Health changes likely before taxes
Negotiations to replace the Affordable Care Act are continuing — despite mixed signals from Washington — and a rewrite of the law will precede the planned overhaul of the tax code, an industry lobbyist told a Pittsburgh audience on Tuesday.
James Gelfand, senior vice president of health policy at the ERISA Industry Committee, a Washington, D.C.-based trade group, said Congress is under the gun to overhaul health care before moving on to the tax code.
Mr. Gelfand’s remarks came the same day that Seema Verma, administrator of the federal Centers for Medicare and Medicaid Services, had been scheduled to meet with health insurance executives anxious about participating in the ACA’s online marketplace in 2018.
“If they don’t come through, the consequences will be great,” Mr.
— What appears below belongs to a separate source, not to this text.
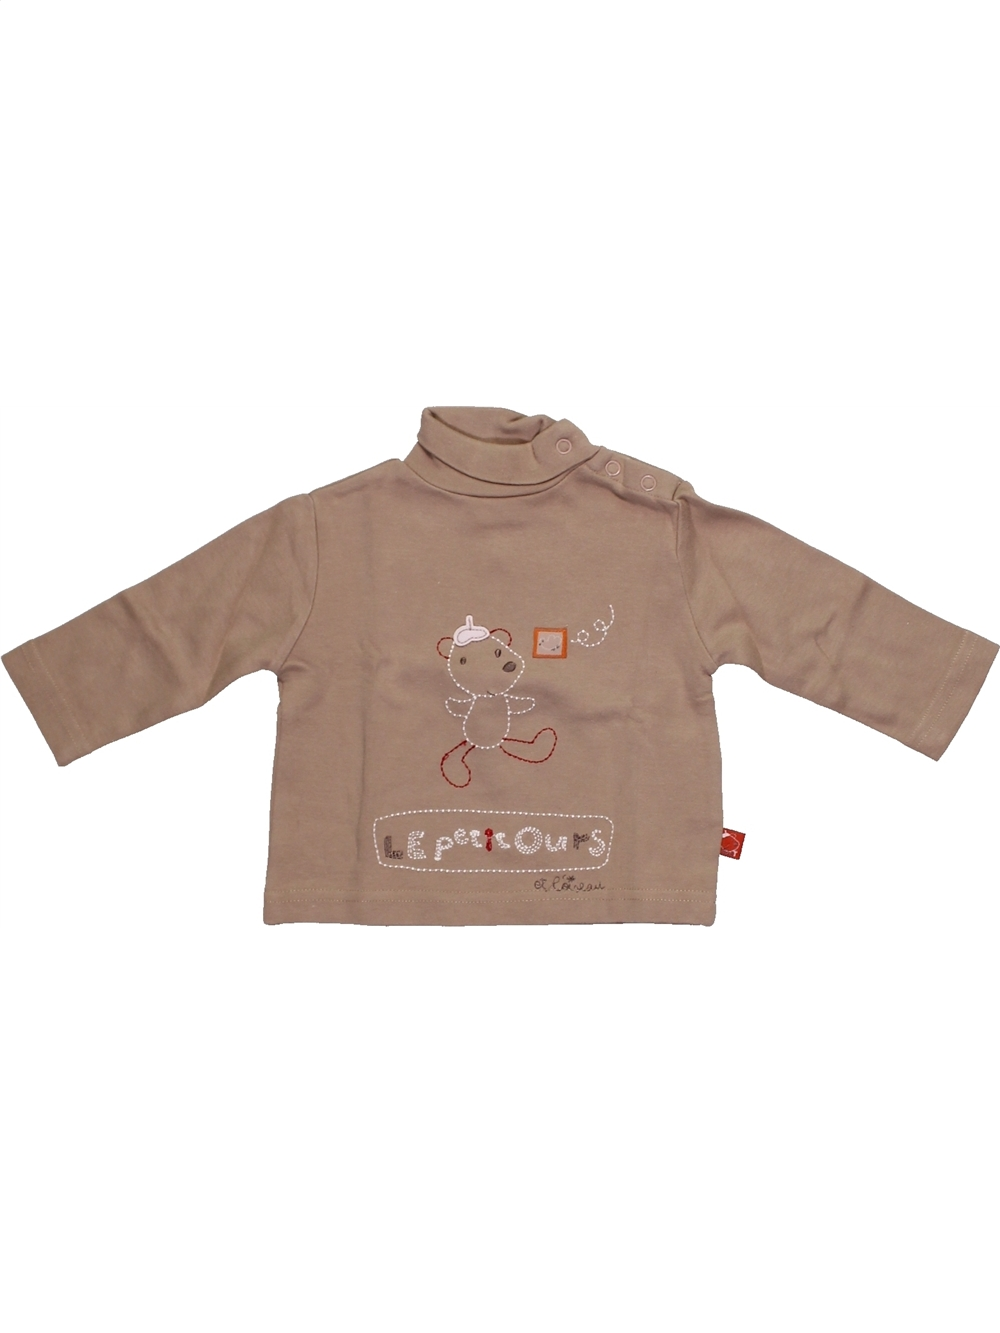 T-shirt-col-roule-bebe-garcon-CADET-ROUSSELLE-3-mois-beige-hiver-vetement

Gelfand told members of the Pittsburgh Business Group on Health, a trade and education group.
“They have a lot of motivation to get a deal done,” he said.
Mr. Gelfand anticipated a public announcement as early as Wednesday about progress on a compromise that would replace former President Barack Obama’s signature 2010 health care law.
Mr. Gelfand was the keynote speaker at the business group’s legislative update forum held at the Pittsburgh Marriott City Center. His agency is the voice of big employers for employee benefits and compensation.
The Republican-crafted American Health Care Act, which was meant to replace the ACA, was withdrawn from the House of Representatives in March, a stinging loss for President Donald Trump, when it became clear the bill did not have enough Republican support to pass.
Withdrawal of the AHCA left Obamacare intact for now and the health insurance industry shaken about the future of the plan.
In meeting with Trump administration officials Tuesday, insurance executives were seeking reassurance about the future of the law, which is struggling in many parts of the country.
Twenty-one percent of government health insurance exchange enrollees would have access to plans just from one insurer, a Kaiser Family Foundation analysis predicted in 2016.
In recent weeks, Mr. Trump suggested that costsharing subsidies for enrollees and reimbursement for losses that insurers suffered in the early years of the Affordable Care Act could be bargaining chips in negotiating a compromise, but Mr. Gelfand dismissed the idea.
“I don’t think that’s real,” he said. “In Washington, there’s a real visceral fear of the collapse of the individual market.”
Pennsylvania health insurers have until May 22 to file plan proposals to the state Insurance Department for 2018 coverage.
At the Pittsburgh business group’s forum, state Insurance Department chief of staff Jessica Altman said Pennsylvania is working hard to keep health insurers participating in the exchange market, which UnitedHealthcare and Aetna left for 2017.
“We’re going to do whatever we can to keep them in the market,” Ms. Altman said.
“We’re all dealing with a lot of uncertainty.”